Yes it's a vwpart number
ecs tuning have their own part number but they write the vw number too.
I'm replacing the parking brake cable because I did a rear disc conversion


----------



## germancarnut51 (Mar 23, 2008)

*Re: Mk2 rear caliper parking brakes (Vwhall)*

On MKIIIs there are two different length parking brake cables for cars with rear disc brakes. Up through 95, a shorter cable is used. For 96 and newer, the curved tube that comes out of the body that the parking brake cable runs through was lengthened, so a longer parking brake cable was used. I used the 96 and newer parking brake cables on my 95 Golf GL, and I need to get a pair of the longer tubes for my car. In the mean time, I added about 3/4" of nuts as spacers at the parking brake handle end of the cable so the parking brakes will work.
Did you order MKII rear disk brake cables? If so, maybe the same situation occurred.

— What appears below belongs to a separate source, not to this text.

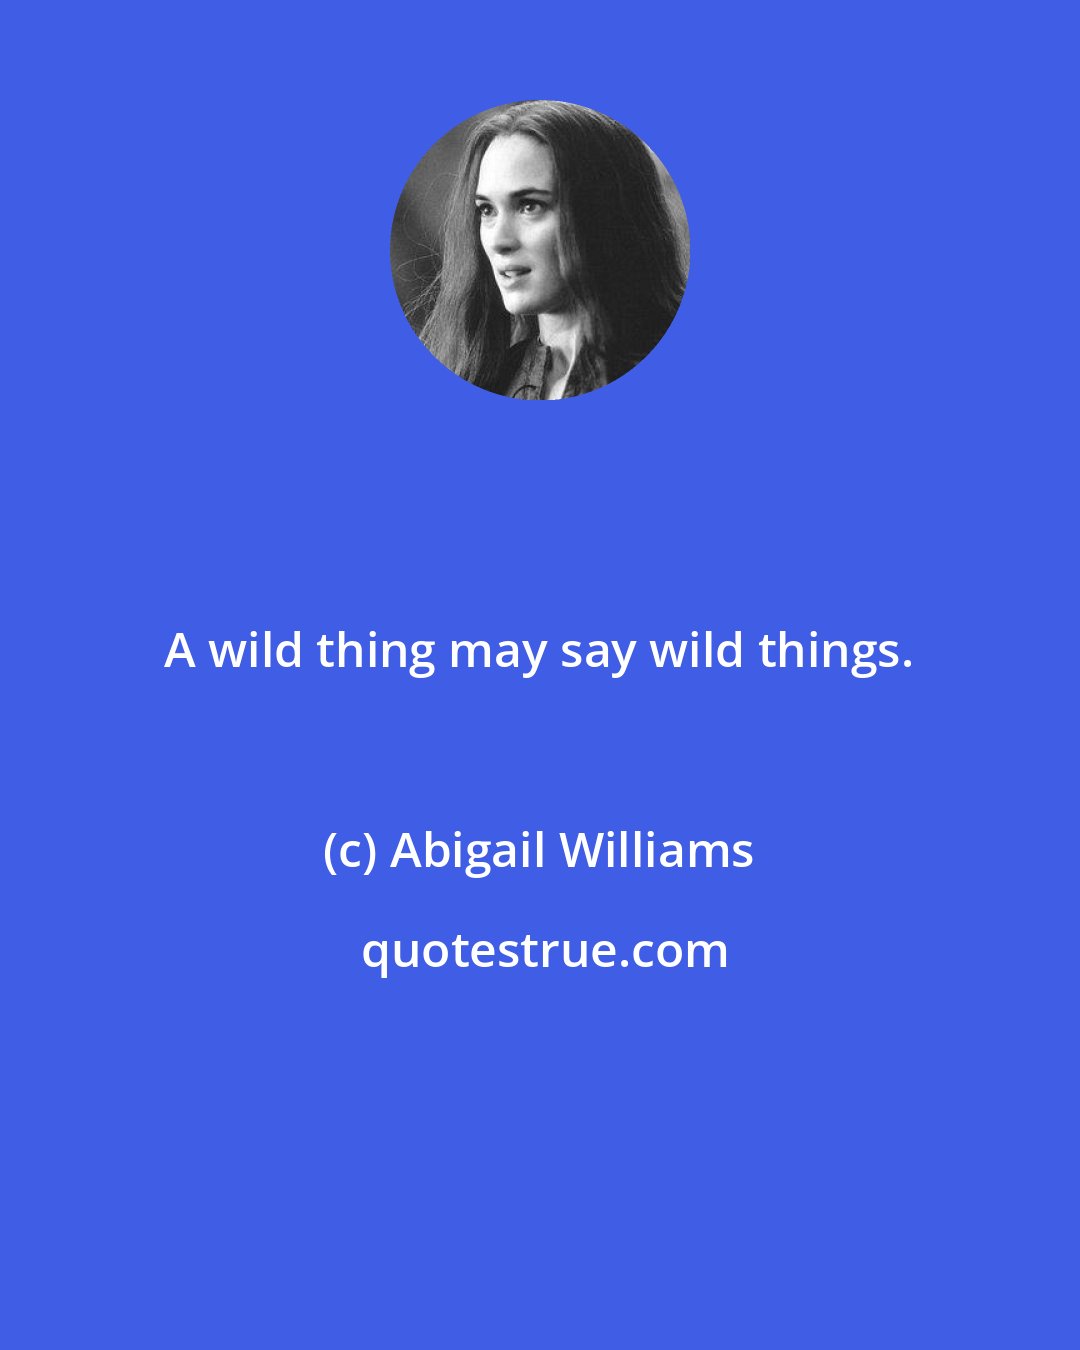 Abigail Williams: A wild thing may say wild things.

You could probably add some spacers at the parking brake handle end of your cables the same way I did, if 3/4" or 1" max of spacers will allow your parking brake to pull tight.


----------



## Vwhall (Dec 12, 2008)

*Re: Mk2 rear caliper parking brakes (germancarnut51)*

On mk2 too the parking brake are longer before 89 and shorter in 92...
I've buyed 1992 parking brake and it doesn't fit.wtf...
Maybe I don't have mk2 calipers.
Or maybe my cable are too long because I don't have the tunnel for the parking brake but it does not make sense they are 1-2 inch too long anyways.


----------



## germancarnut51 (Mar 23, 2008)

*Re: Mk2 rear caliper parking brakes (Vwhall)*

MKI, MKII, and MKIII rear calipers are all the same. 
VW did not change them until MKIV.


----------



## Vwhall (Dec 12, 2008)

*Re: Mk2 rear caliper parking brakes (germancarnut51)*

So why there is a difference between 89 parking brake and 92?


----------



## germancarnut51 (Mar 23, 2008)

*Re: Mk2 rear caliper parking brakes (Vwhall)*

Do you mean why is there a difference in the length of the cable?
You'd have to ask the VW Engineers.
Maybe the Seller sent you the wrong cables.


----------



## Vwhall (Dec 12, 2008)

*Re: Mk2 rear caliper parking brakes (germancarnut51)*

Yes I mean the lenght of the cable.
And for the seller i've checked the parts number...
But what I wanted to know is what makes the difference in cable lenght you need...
The car?The axle? or just the caliper?


----------



## germancarnut51 (Mar 23, 2008)

*Re: Mk2 rear caliper parking brakes (Vwhall)*

The car body and the tube that's installed.


----------



## Vwhall (Dec 12, 2008)

*Re: Mk2 rear caliper parking brakes (germancarnut51)*

Hum I think it's the tube.I don't have them.


----------